Summary: A. Kotzig [“Contribution to the theory of Eulerian polyhedra”, Mat.-Fyz. Čas., Slovensk. Akad. Vied 5, 101–113 (1955)] proved that every 3-connected planar graph has an edge with the degree sum of its end vertices at most 13, which is tight. An edge \(uv\) is of type \((i, j)\) if \(d(u)\leq i\) and \(d(v)\leq j\). O. V. Borodin [Diskretn. Mat. 3, No. 4, 24–27 (1991; Zbl 0742.05034)] proved that every normal plane map contains an edge of one of the types (3, 10), (4, 7), or (5, 6), which is tight.

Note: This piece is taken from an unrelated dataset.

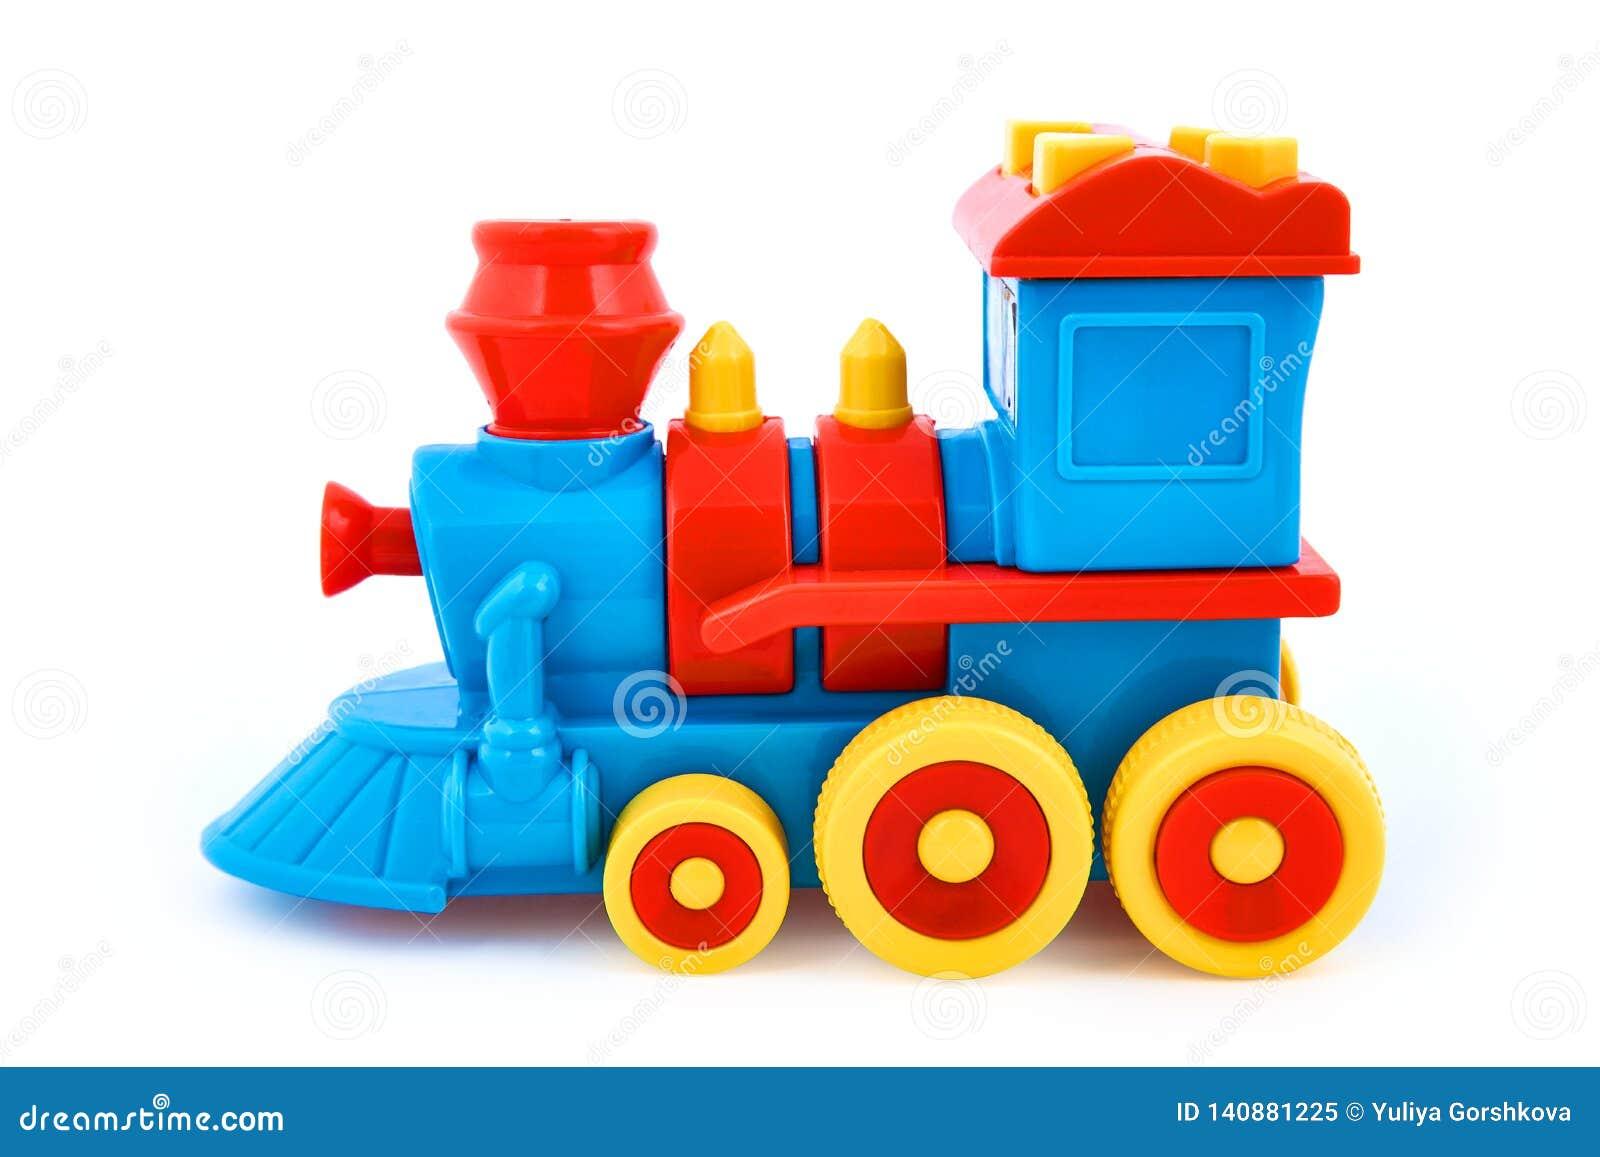 Plastic children`s toy locomotive isolated on white background

R. Cole et al. [SIAM J. Discrete Math. 21, No. 1, 93–106 (2007; Zbl 1138.05059)] deduced from this result by Borodin that Kotzig’s bound of 13 is valid for all planar graphs with minimum degree \(\delta\) at least 2 in which every \(d\)-vertex, \(d\geq 12\), has at most \(d-11\) neighbors of degree 2.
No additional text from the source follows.